I want to run the executable for once only. That executable runs in a very long time. When it is running, I want to unmount the ram-disk, to release some memory. Thus I deleted the executable, and then umount the ram-disk. It just showed a device busy error message: the umount failed.
How can I achieve that? I am not talking about Lazy umount. I want a real unmount, to release the memory! It should be possible, since the running process already has its image loaded in RAM. It should not rely on the ram-disk file system.
If it is not possible for general Linux kernel for now, I welcome answers pointing me where I can hack the kernel to enable this feature.

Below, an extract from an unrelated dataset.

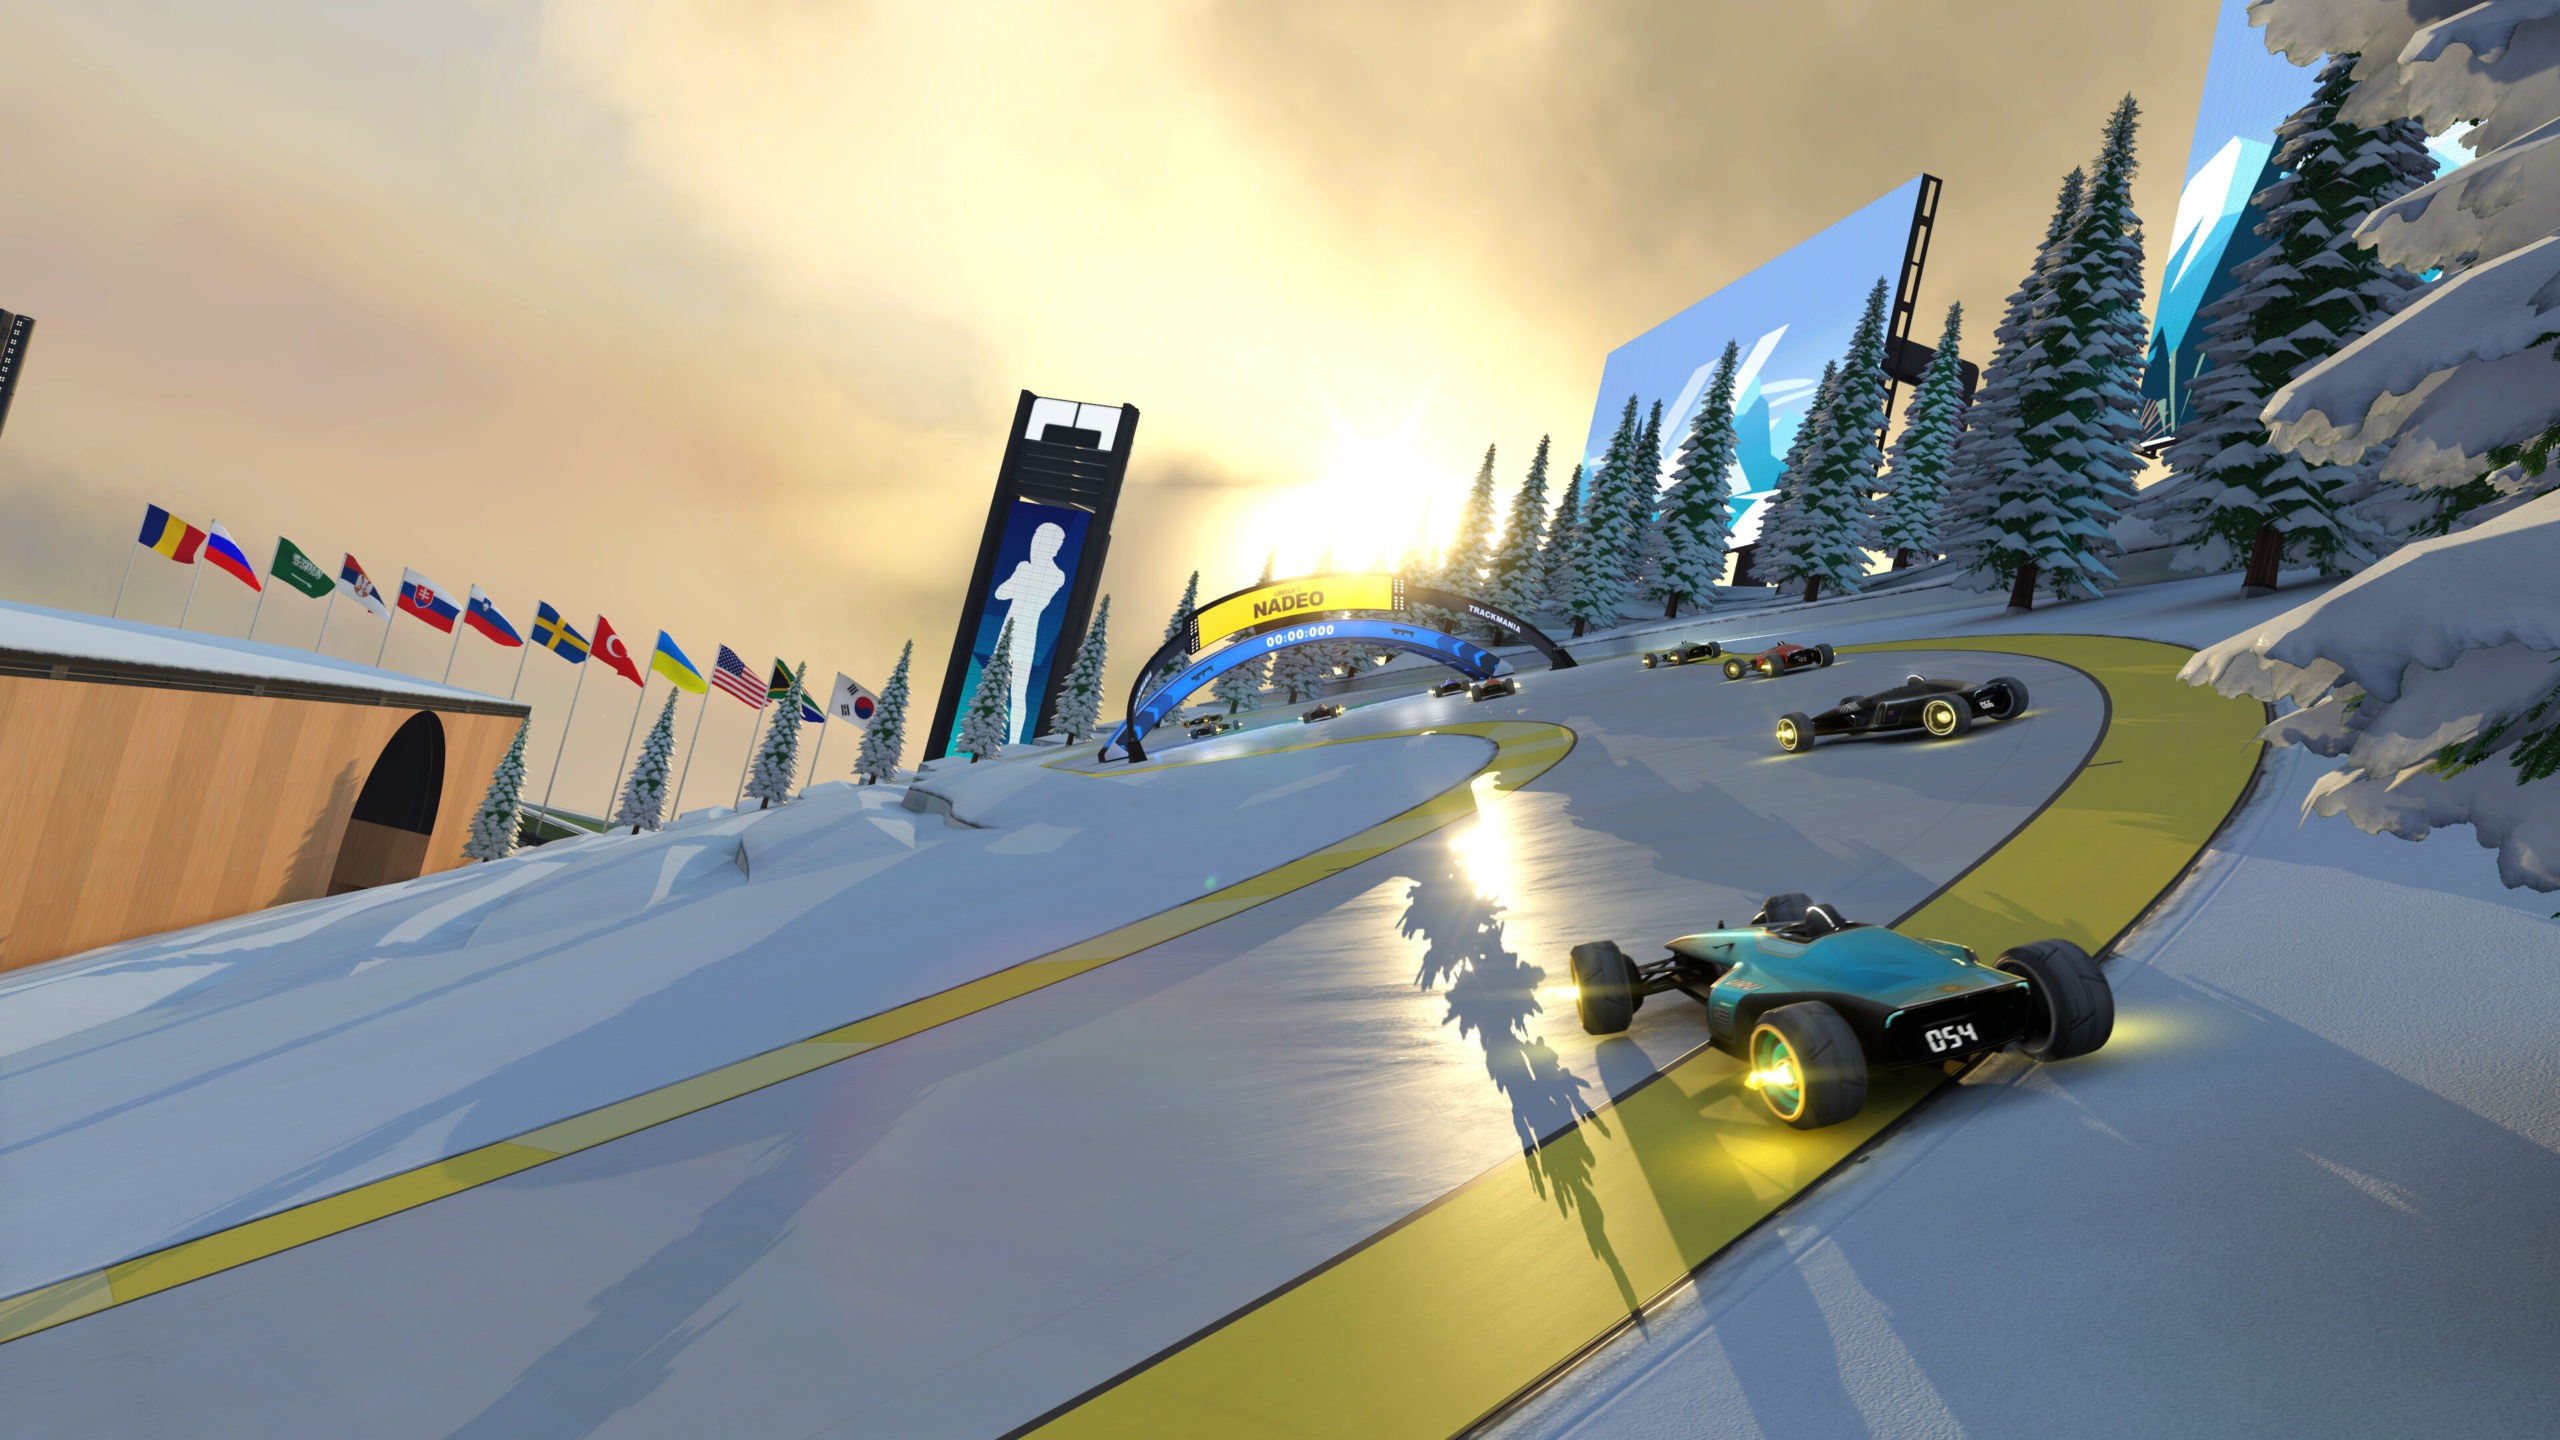 Trackmania’s Fall Campaign Brings 25 New Tracks, 100 New Medals and

If possible, answers in programmatic way are preferred. Though answers in script way are also welcome (I can convert scripts to some executable anyway, by looking at the shell script source code).
My kernel version is 3.10.14
--Update-- Another thought: My purpose is to release some memory, since my application is memory-hogging. Also the binary size is large, compared to the total RAM. My original thought is that, the ramdisk have a copy of the file, and the running image is another copy. But maybe Linux keep just one copy than two? Anyone knows how elf executables been kept in both file system and the running image? Does Linux just keep one copy, or perhaps some meta data + 1 copy, not really keep 2 copies? If that's true, I don't need to do the unmount.